Friday, 22 Nov 2024

In US-China talks, Beijing's refusal to spell out farm buys is big sticking point

BEIJING (REUTERS) – US President Donald Trump’s demand that Beijing commit to big purchases of American farm products has become a major sticking point in talks to end the Sino-US trade war, according to several people briefed on the negotiations.

Mr Trump has said publicly that China could buy as much as US$50 billion (S$68.12 billion) of US farm products, more than double the annual amount it did the year before the trade war started.

US officials continue to push for that in talks, while Beijing is baulking at committing to a large figure and a specific time frame. Chinese buyers would like the discretion to buy based on market conditions.

“China does not want to buy a lot of products that people here don’t need or to buy something at a time when it is not in demand,” an official from a Chinese state-owned company explained.

If US agricultural products “enter China in a concentrated way, it might be hard for the domestic market to digest”, the Chinese official added.

Oversupply of agricultural products in China would hit local prices really hard, he said, “and break the supply-demand balance”.

Moreover, a massive outbreak of African swine fever has decimated the pig herd in China, battering demand for soya beans, a key feed ingredient and the biggest agricultural import from the United States.

Chinese agricultural buyers, representing a mix of state and private enterprises, typically import from the cheapest source.

The US demand that China commit to buying a huge volume of products, regardless of whether they were economical or in demand, would require state intervention to be implemented.

That contradicts a core demand the United States is making of China in the current trade war, and a US policy goal for decades: that China become a more market-based economy and stop subsidising state companies and favouring local firms at the expense of foreign competitors.

The upside-down nature of the situation is striking, some trade experts say.

“The US government doesn’t normally regulate the pricing or timing of ag (agriculture) exports – a private sector role – but in this case the President has already taken this step,” said Ms Miriam Sapiro, former acting US Trade Representative under Mr Barack Obama and adviser to president Bill Clinton, now a senior vice-president at Sard Verbinnen.

“It is ironic that China is pushing back, saying, ‘We want the market to address this,'” said Ms Nicole Lamb-Hale, a former assistant secretary of Commerce and a managing director at Kroll, a risk management firm.

The hefty agricultural purchases Mr Trump is asking for are market distortive, Ms Lamb-Hale said.

China is telling Mr Trump they are “just not feasible”.

Asked specifically about concerns that the administration’s push for big agricultural buys contradicts the longer-standing US free trade message, a White House spokesman said: “The President has been clear that he wants real structural changes that yield actual, verifiable, and enforceable results, leading to fairer trade, more efficient markets, and increased prosperity for both countries.”

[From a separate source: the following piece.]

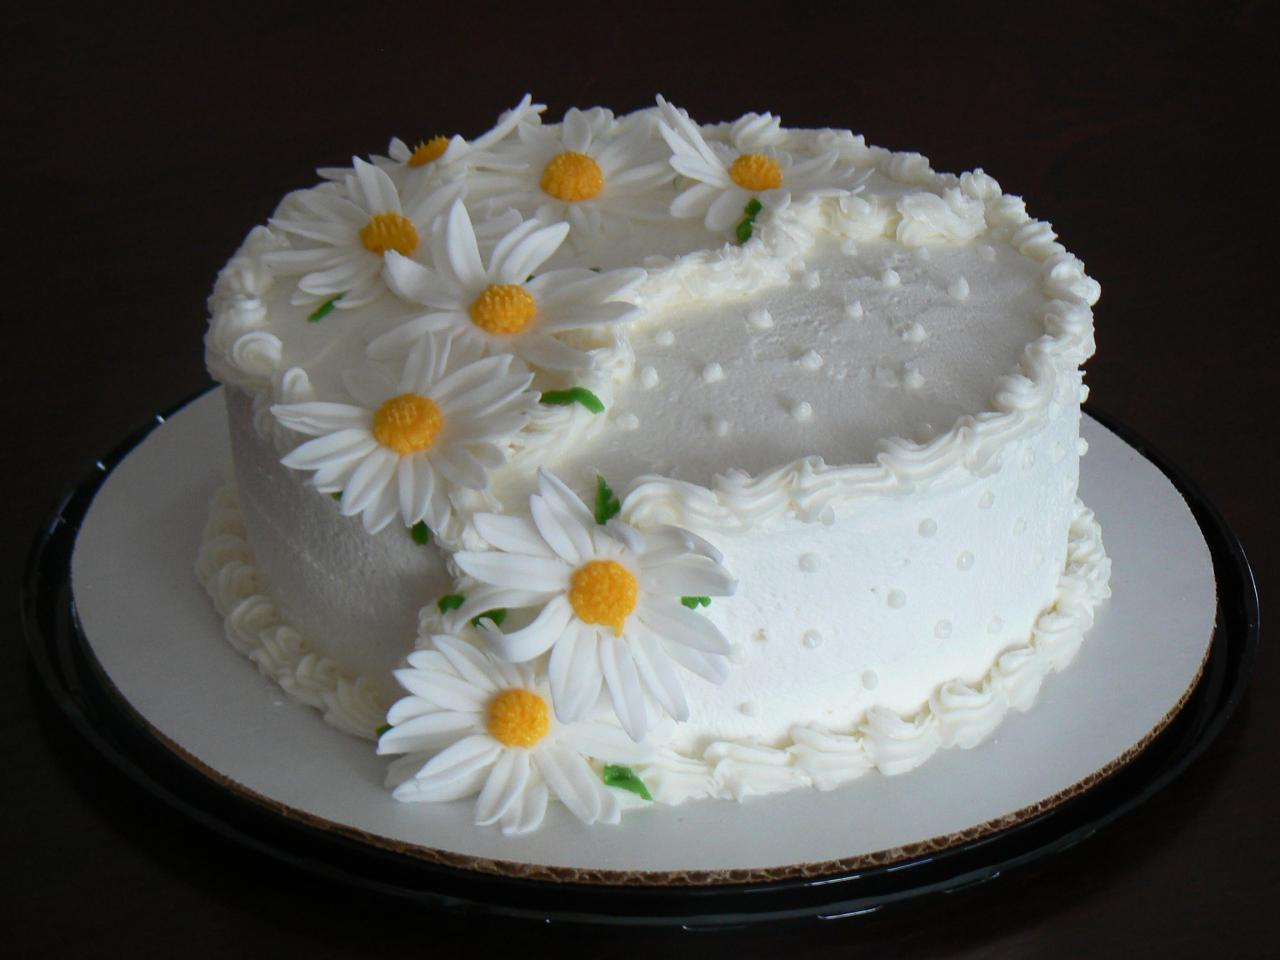 Flower Cakes - Decoration Ideas | Little Birthday Cakes

Commerce ministry spokesman Gao Feng told reporters on Oct 17 that China would “increase US farm purchases based on domestic demand and market principles, while the US would provide favourable conditions”.

US farmers watched their exports plummet after the trade war started.

A US administration official said on Tuesday that the two sides might not agree to a “Phase One” deal by the Asia-Pacific Economic Cooperation meeting in Chile in mid-November.

In recent weeks, China has purchased large amounts of soya beans from Brazil, after prices of US soya beans jumped as investors bet on big China buys.